Restricting "open ended" releases on PyPI?

I’ve tried multiple times to rewrite MarkupSafe as abi3, both in C and in Rust. I’m not super comfortable in either of those languages, and for speed MarkupSafe relies on some Python string information that is not available through abi3. So I haven’t been successful. If anyone came along and contributed a Rust abi3 PR that was reasonably close in speed, I would be eager to accept it.

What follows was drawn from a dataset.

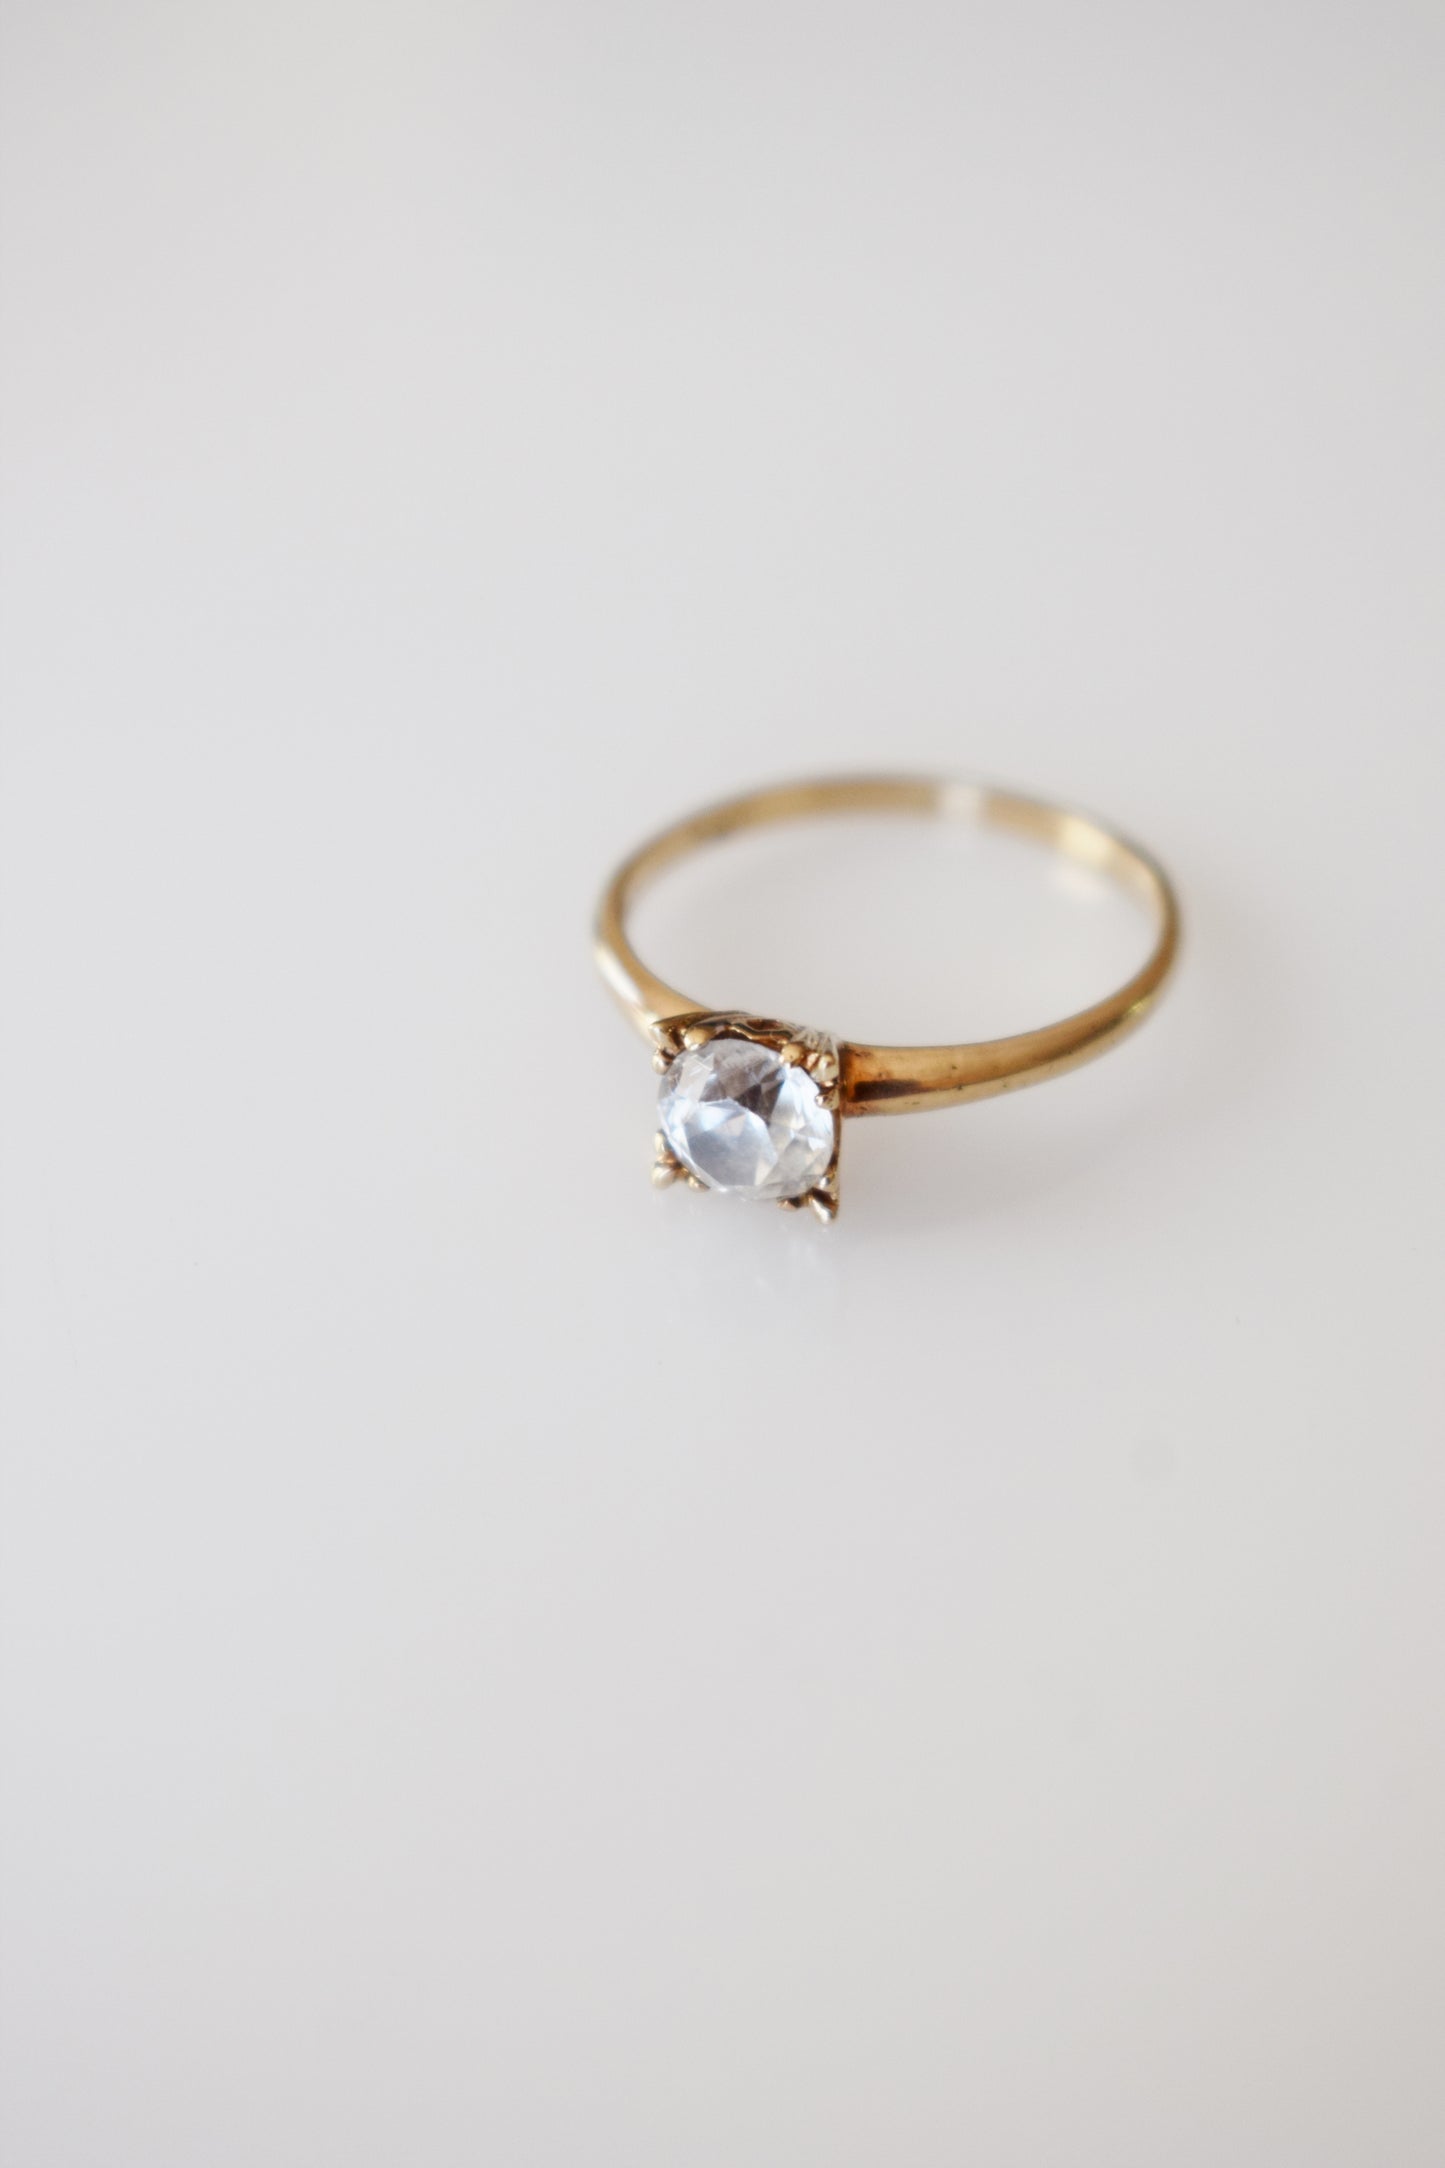 Vintage Art Deco 10kt Gold and Crystal Solitaire Ring | US 6

With the GitHub workflow I’ve set up, it’s approximately as easy to trigger a completely new version as it is to trigger a new wheel for an existing version. So I wouldn’t really mind. But it’s not necessary, since the new release wouldn’t represent any actual changes. It’s a similar objection I have to keeping the Python version trove classifiers up to date, it requires a new version just to say “yep, still compatible”.

5 Likes

This would also probably require specifying tag precedence/ordering and calculation.

2 Likes

I think draft releases are a somewhat separate concern from this. The reason draft releases are useful is mutually exclusive to why the situation flagged is problematic.

I don’t think so.

Speaking for pip, most of the cost around dependency resolution is in fetching metadata for a single package release, and not in fetching the listing of files from the index. It’s also not really feasible to have different answers for same-package-name in a single resolve since we hold all the parsed page information in memory IIRC.

I don’t expect that changing how many files are in a release changes much for resolvers practically, especially since file listings are updated whenever any new file is uploaded.

At best, it means that the HTTP cache is less likely to be invalidated but those have a short-enough TTL already IIRC.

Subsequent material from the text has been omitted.